--- Input for this task ---
===============

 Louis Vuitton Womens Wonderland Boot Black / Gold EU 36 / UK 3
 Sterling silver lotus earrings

===============

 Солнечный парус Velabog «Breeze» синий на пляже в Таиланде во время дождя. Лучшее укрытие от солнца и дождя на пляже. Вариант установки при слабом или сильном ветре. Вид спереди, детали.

===============

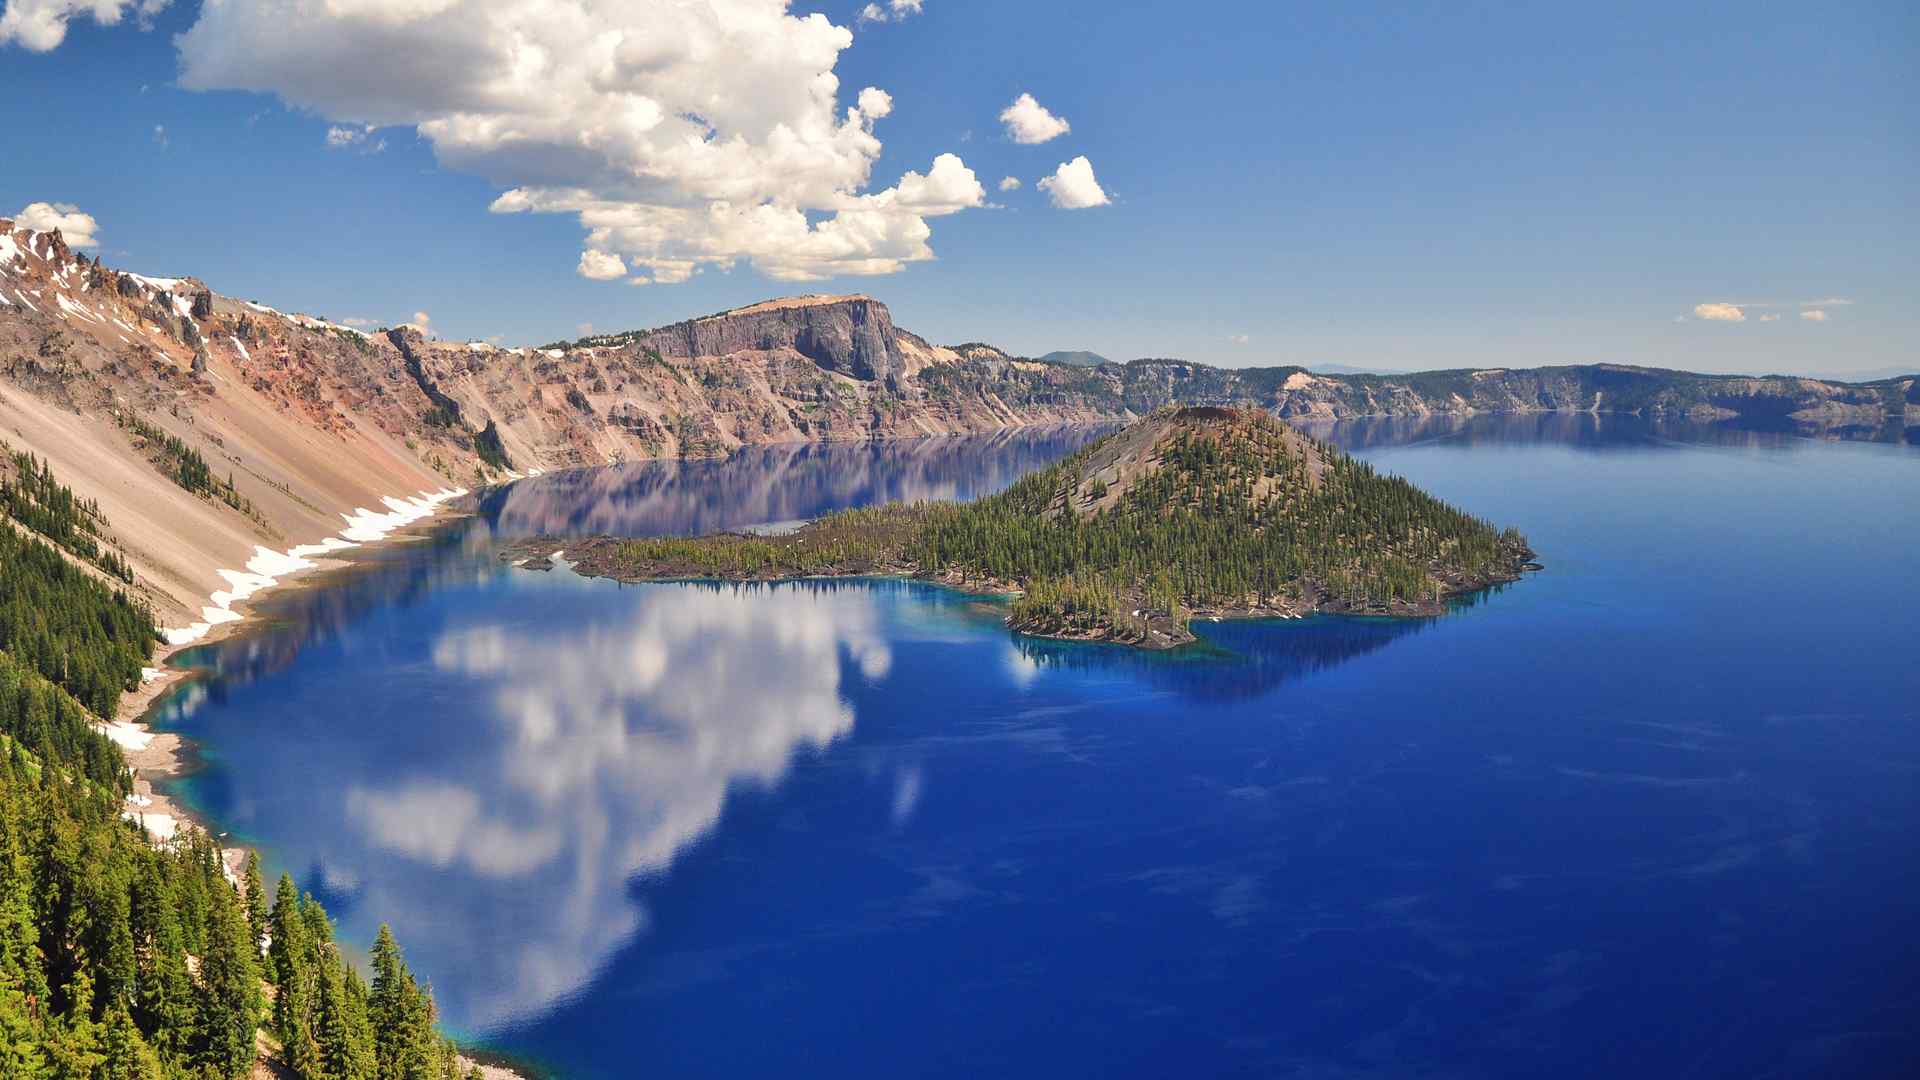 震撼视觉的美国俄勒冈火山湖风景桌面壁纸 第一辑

===============

--- Exercise details ---
From the records above, transcribe exactly the run of lines that opens with the line holding "Louis Vuitton Womens" and closes with the line holding "Sterling silver lotus earrings", both included.

--- Exercise result ---
 Louis Vuitton Womens Wonderland Boot Black / Gold EU 36 / UK 3
 Sterling silver lotus earrings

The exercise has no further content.